TASK REQUIREMENTS:
Verbatim copy without images: return all of the data as it stands.

MATERIAL PROVIDED:
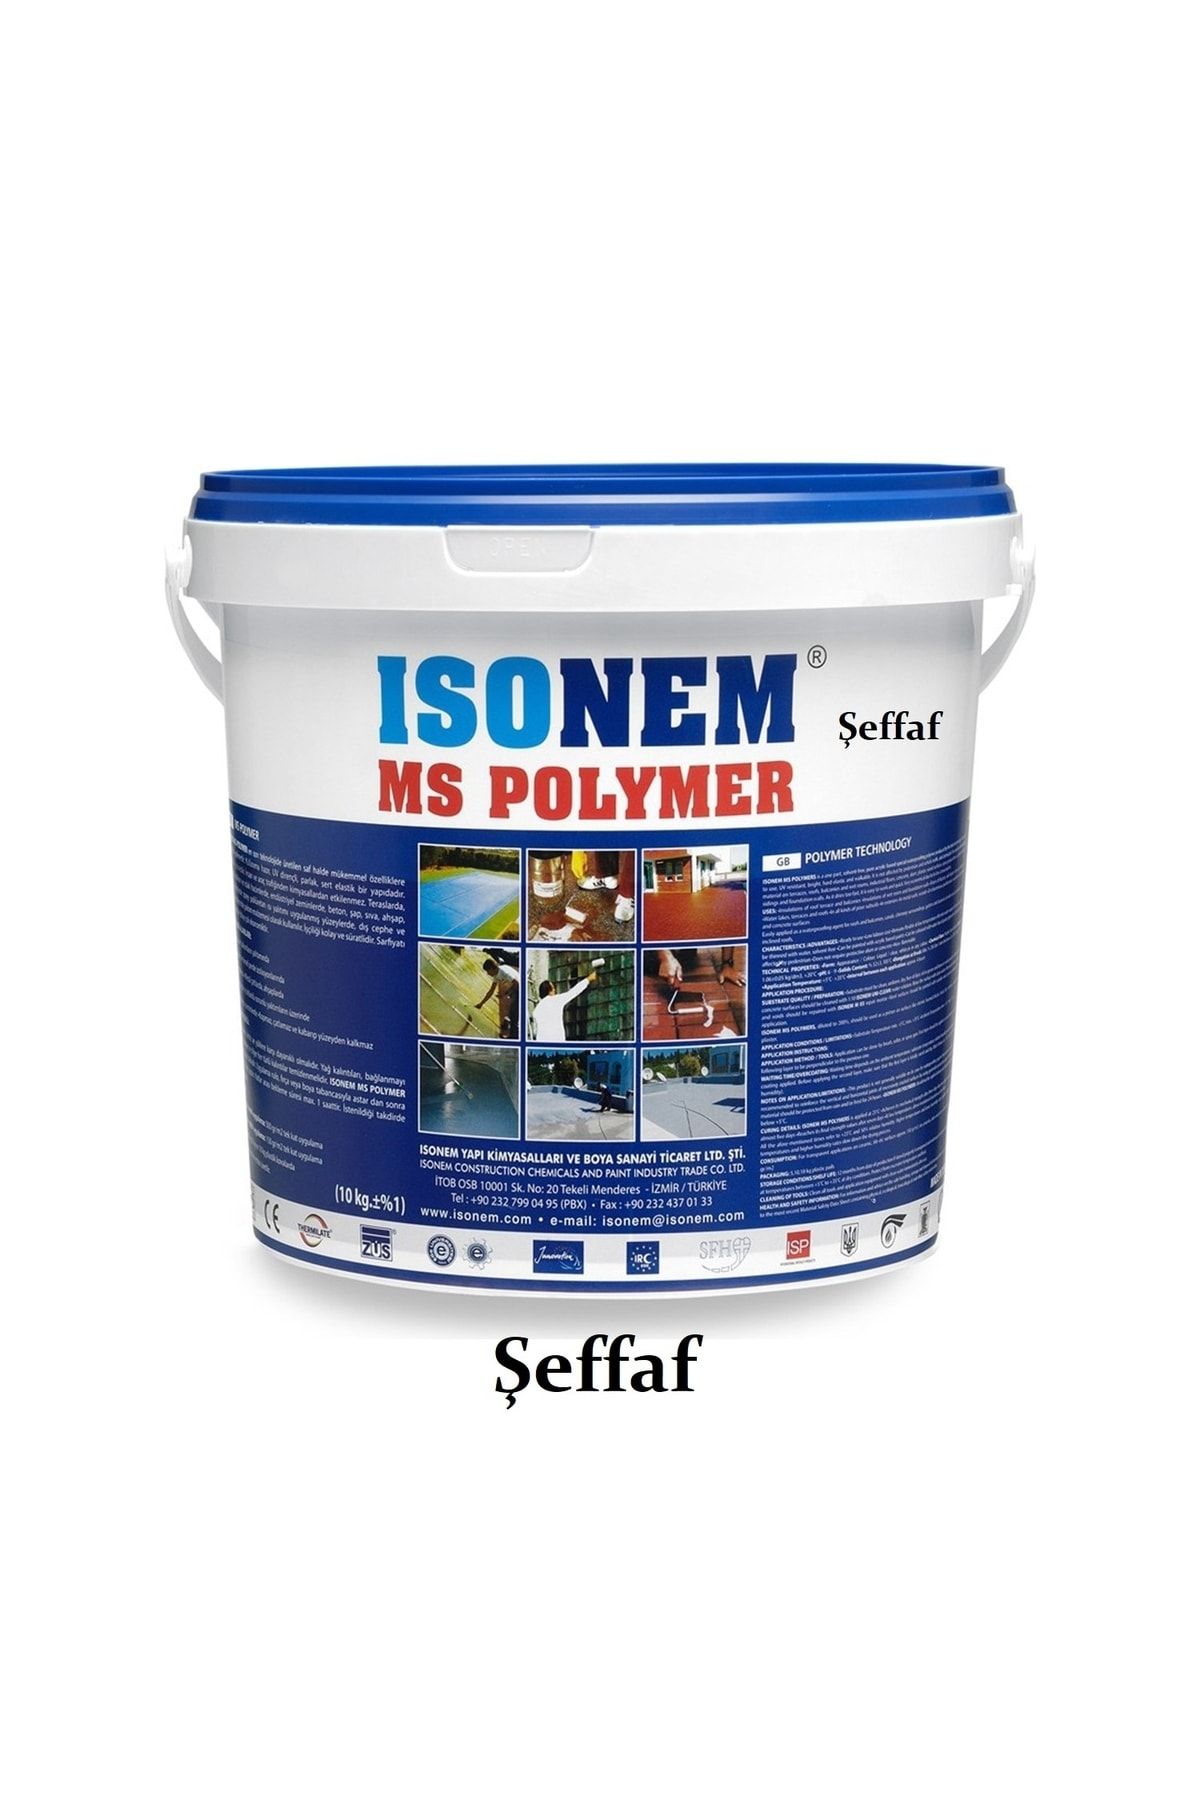 Isonem Ms Polymer Şeffaf Teras, Çatı Ve Balkonlarınız Için Su Yalıtımı - %300 Elastik Su Yalıtımı - 10 Kg -
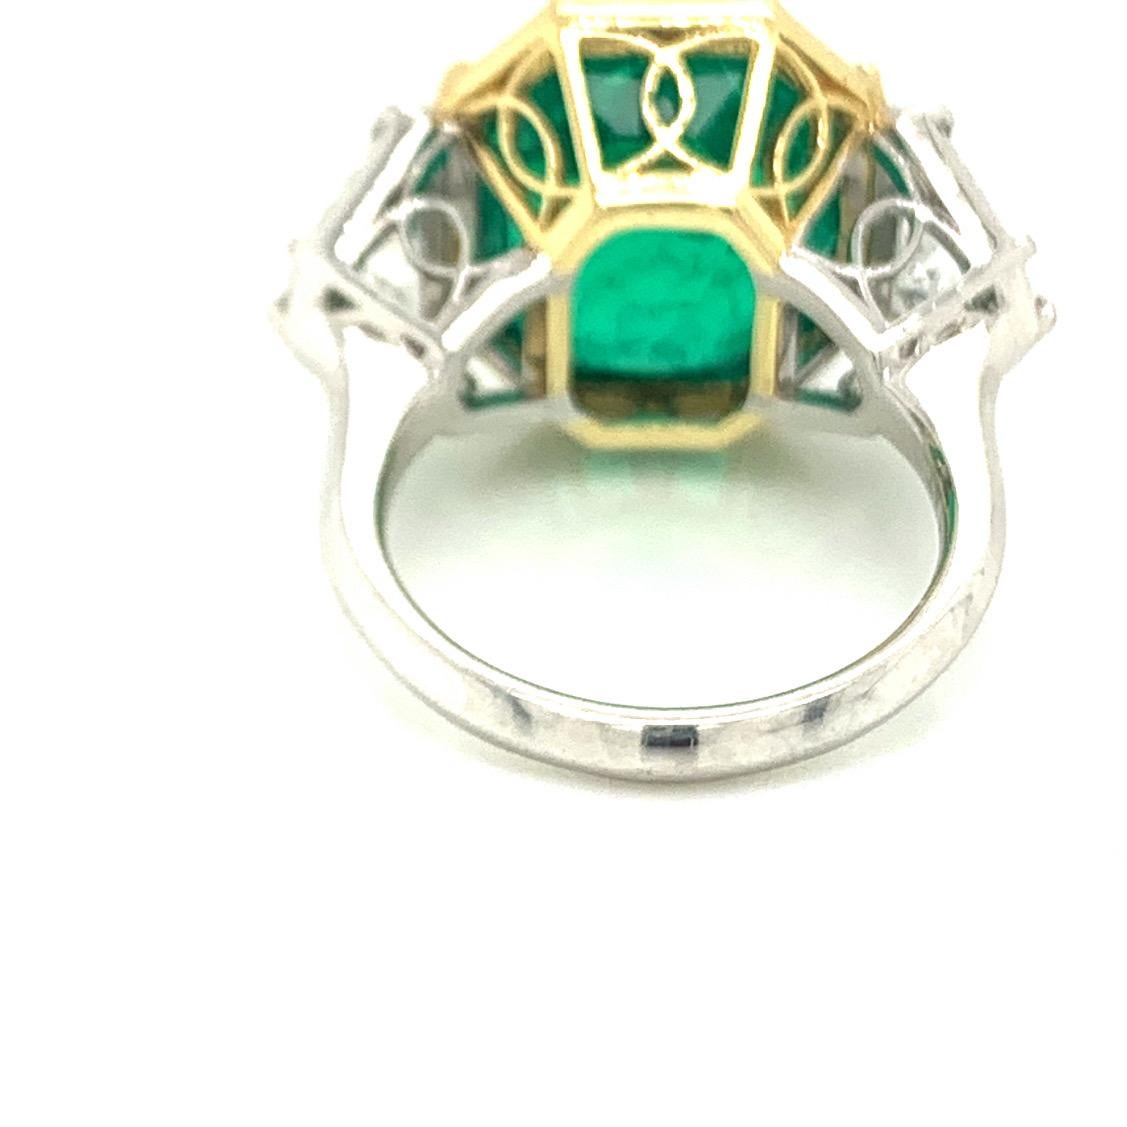 10 carat emerald
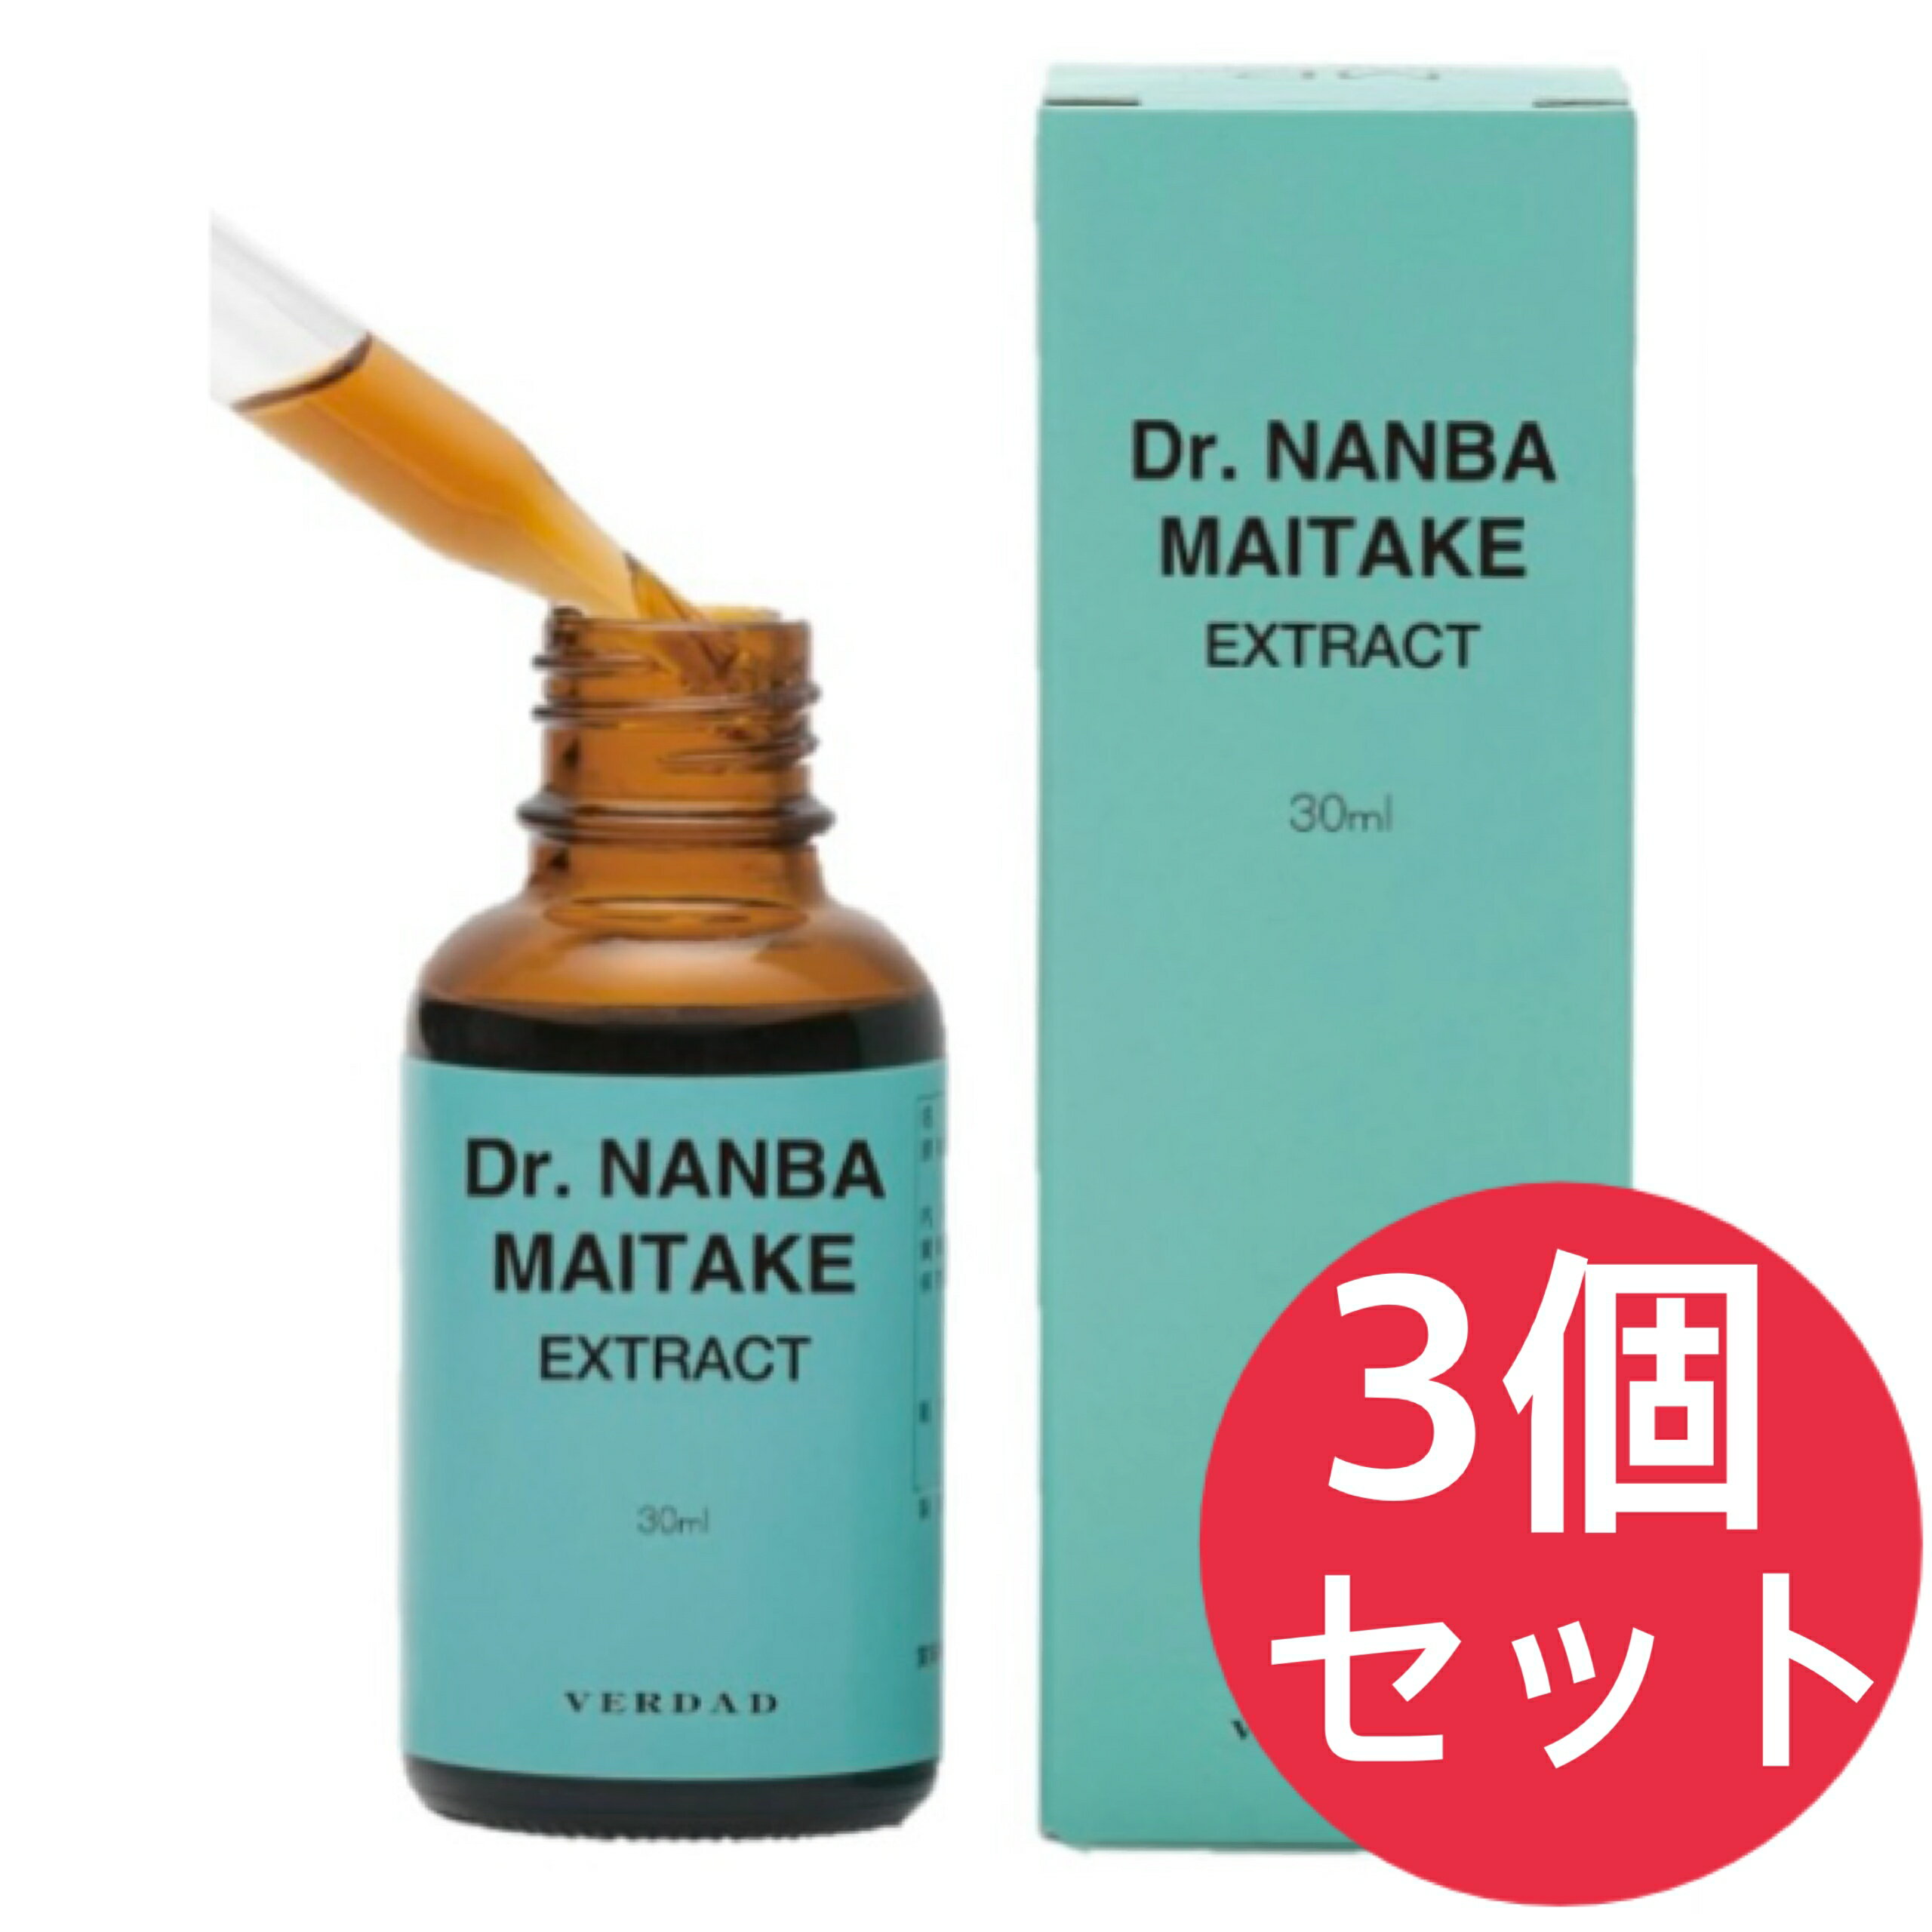 ドクターナンバ マイタケ エキス 30ml 液状 MDフラクション Dr.NANBA MAITAKE 3個セット

ANSWER BOX:
 Isonem Ms Polymer Şeffaf Teras, Çatı Ve Balkonlarınız Için Su Yalıtımı - %300 Elastik Su Yalıtımı - 10 Kg -
 10 carat emerald
 ドクターナンバ マイタケ エキス 30ml 液状 MDフラクション Dr.NANBA MAITAKE 3個セット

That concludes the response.